UTIAM is India's eighth-largest MF asset manager. Its equity performance is improving (40.6% outperforming AUM, +1,285 bps vs. Mar-20) and market share stabilising (4.7%, +34bps vs. Mar-20), which should drive flows and revenue growth. UTIAM boasts of a strong agency-led granular AUM. IFA/B30 contribute 60.3/24.5% of equity/total assets. We expect FY20-23E revenue CAGR of 7.5% along with improving staff costs (27.0bps of AAUM in FY21E to 21.6 bps in FY23E) to drive operating profits at a CAGR of 13.8%. We initiate with a BUY rating and a target price of Rs 650 (10% discount to DCF) i.e. FY22/23E EV/NOPLAT of 23.6/18.0x, which is a 37.3/46.6% discount to NAM's target multiples.
- Improving performance; stabilising market share. As of Oct-20, 40.6% (+1,285 bps, vs. Mar-20) of the rated equity AUM of UTIAM is outperforming (4-star and plus). It is significantly better than the other large listed equity asset managers (HDFCAMC/NAM at 3.8/16.8%). UTIAM lost 373bps in equity market share over FY15-FY20; however, market share has started to consolidate and improve: 1HFY21 +34bps to 4.7%. We expect better performance to attract flows and aid market share recovery.
- Strong distribution footprint. Historically, UTIAM has been an agency-driven, given that it was established as Unit Trust of India- this is reflected even today as IFAs contribute a 60.3% share in equity AUM vs. HDFCAMC's 41.2 %. UTIAM also has a larger proportion of AUM i.e. 24.5% from B-30 locations; HDFCAMC/NAM are at 14.2/18.2%. This makes for a more granular AUM and gives the company a better bargaining power.
- AUM growth and reduction in staff costs to drive operating leverage. UTIAM delivered operating profit (OP = PBT - OI) of 17.3bps of AAAUM vs. HDFCAMC/NAM's 40.8/27.3bps in FY20. Lower profitability is primarily due to high staff costs. The company has a staff strength of ~1,386, of which ~251 are expected to retire by FY25E; this should lead to gross cost savings of ~Rs 840mn. As a result, we expect staff costs to reduce to 21.6bps of AAAUM in FY23E vs. 27.0bps in FY21E. Additionally, we believe UTIAM's AUM would grow at 16.2% CAGR over FY20-23E to Rs 1.85tn. Equity share is expected to increase 35bps vs. FY20 to 42.1%. This would drive revenues at an FY20-23E CAGR of 7.5% to Rs 9.79bn. Higher revenue, coupled with lower costs, is expected to drive operating profit to 22.6 bps of AAAUM.

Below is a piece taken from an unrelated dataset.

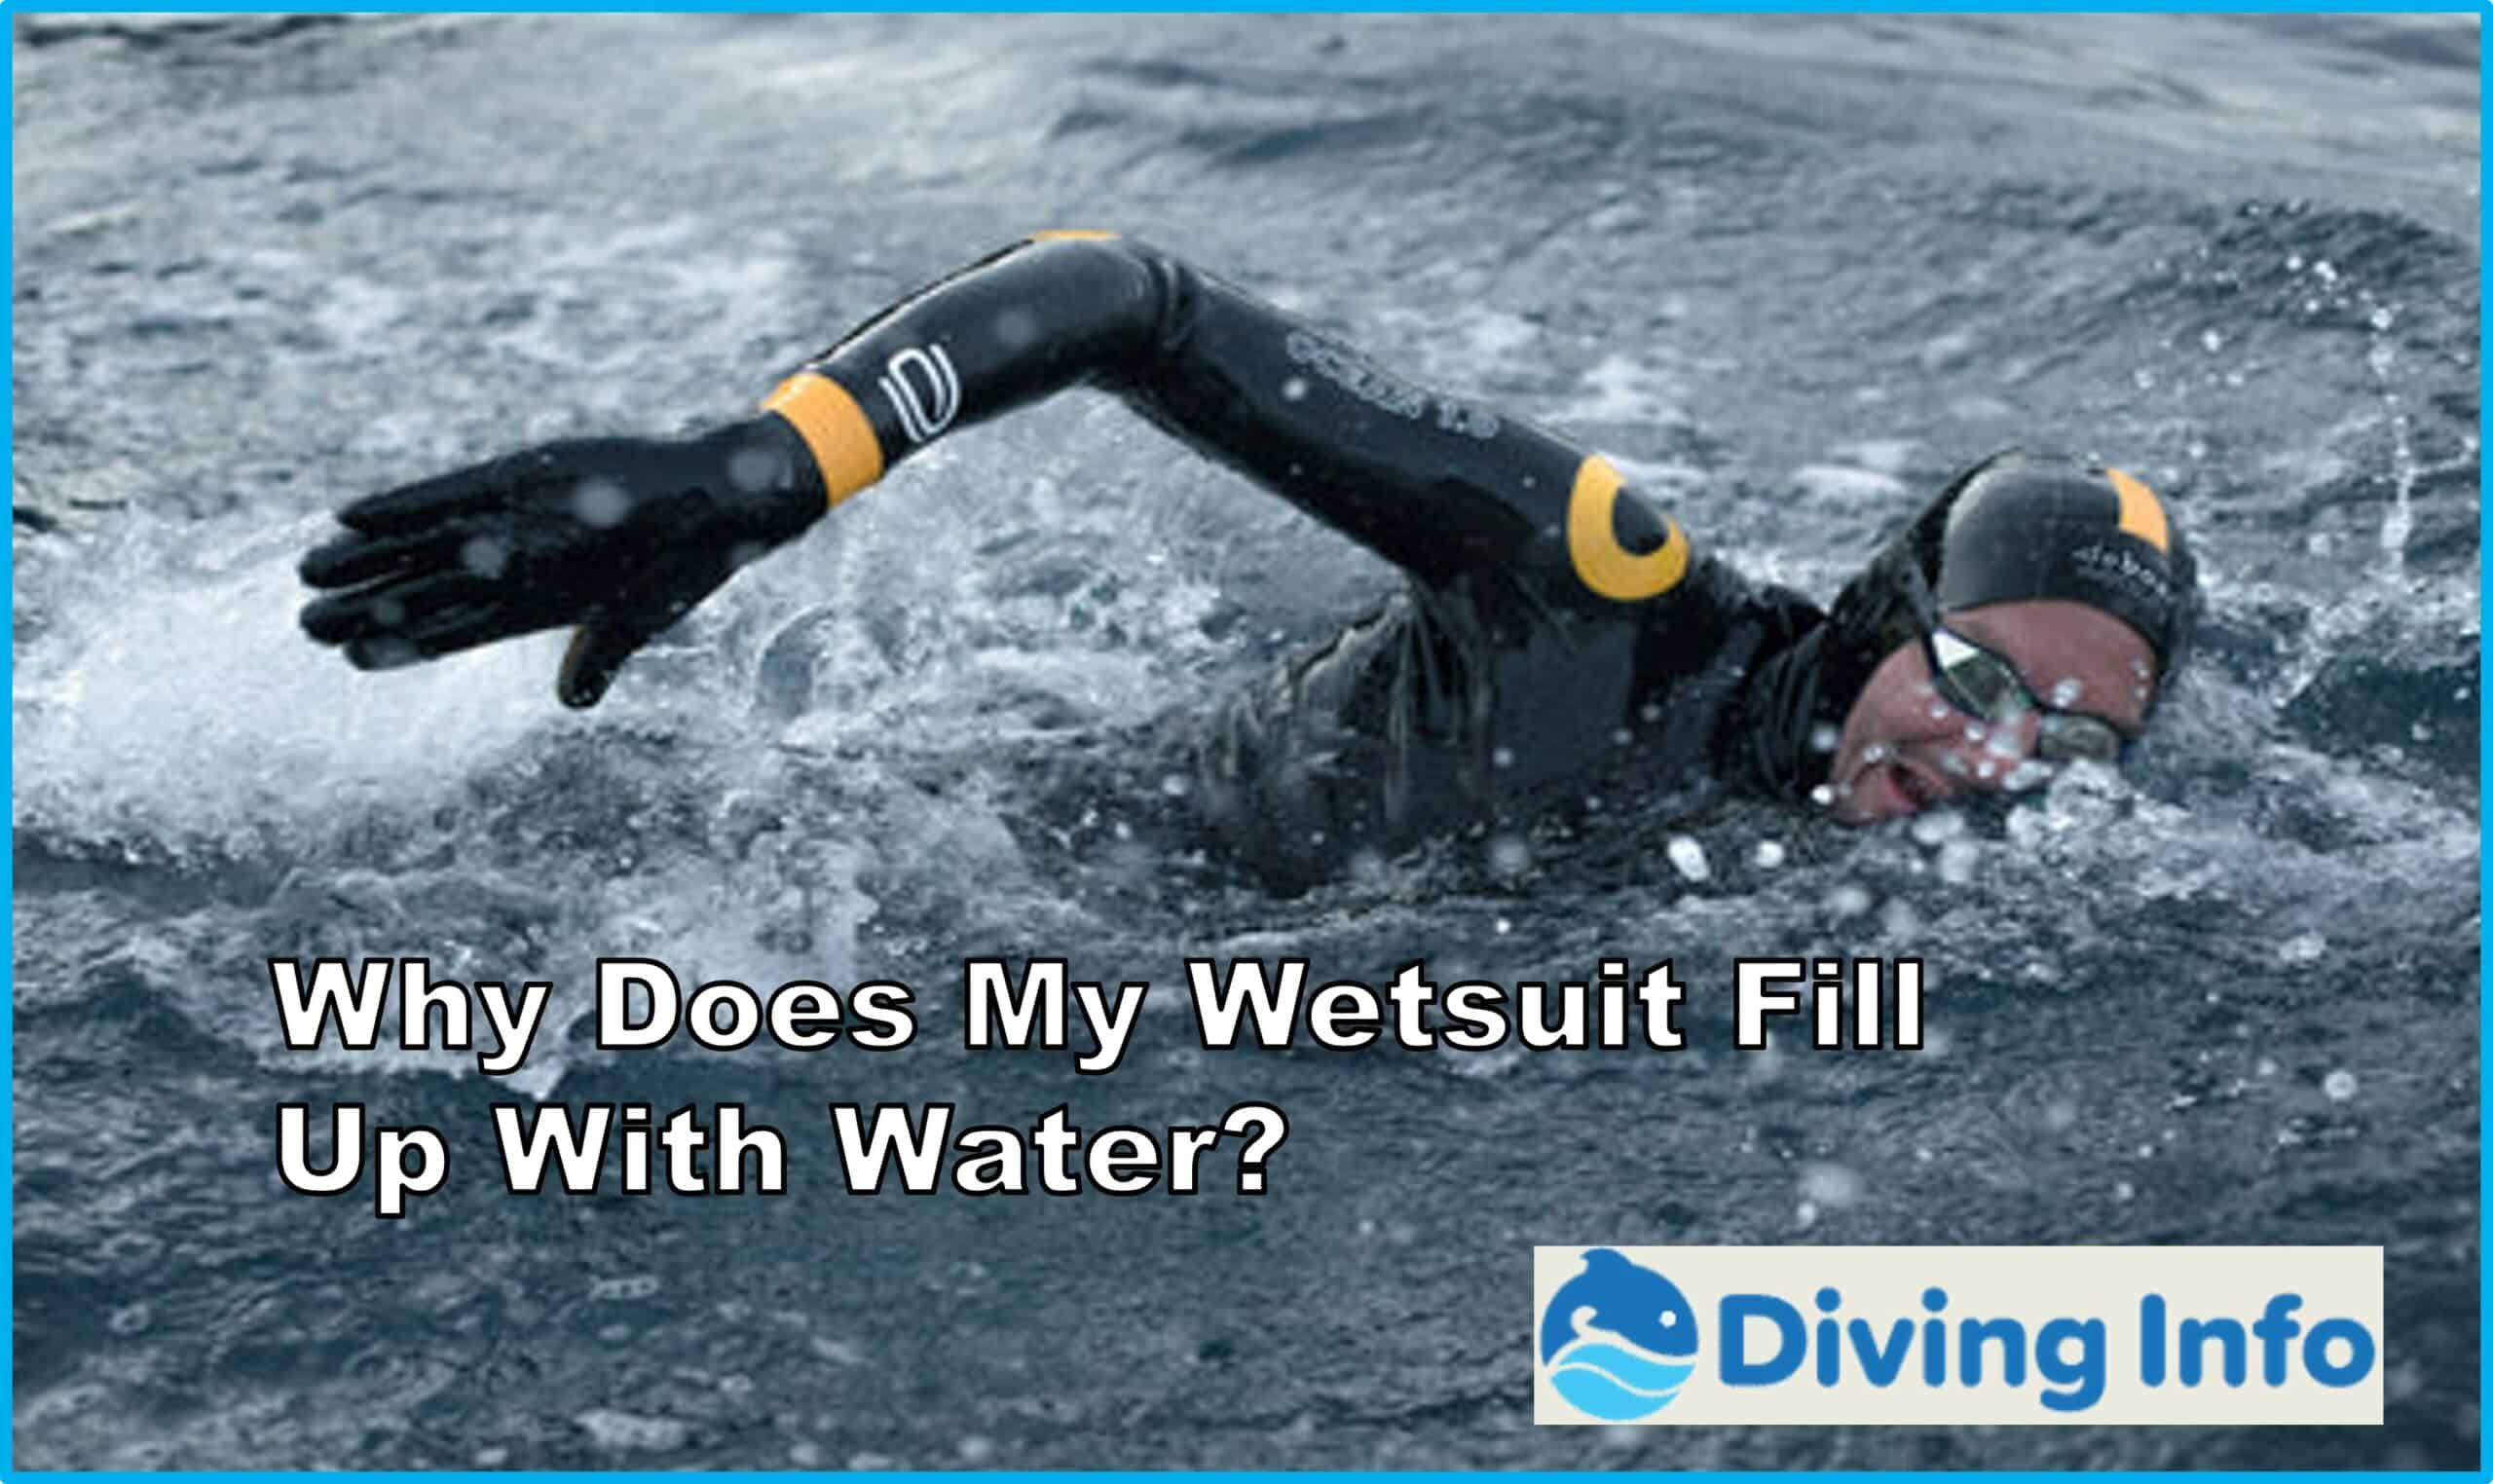 Why Does My Wetsuit Fill Up With Water?

- Key risks. The key industry risks are any macro slowdown, equity bear market, or a disproportionate growth in passives. Company-specific risks include any negative performance surprises, inability to execute (i.e. reduce costs), adverse judgments on ongoing pension-related labour litigation, and continued selling of shares by promoters after the expiry of lock-in.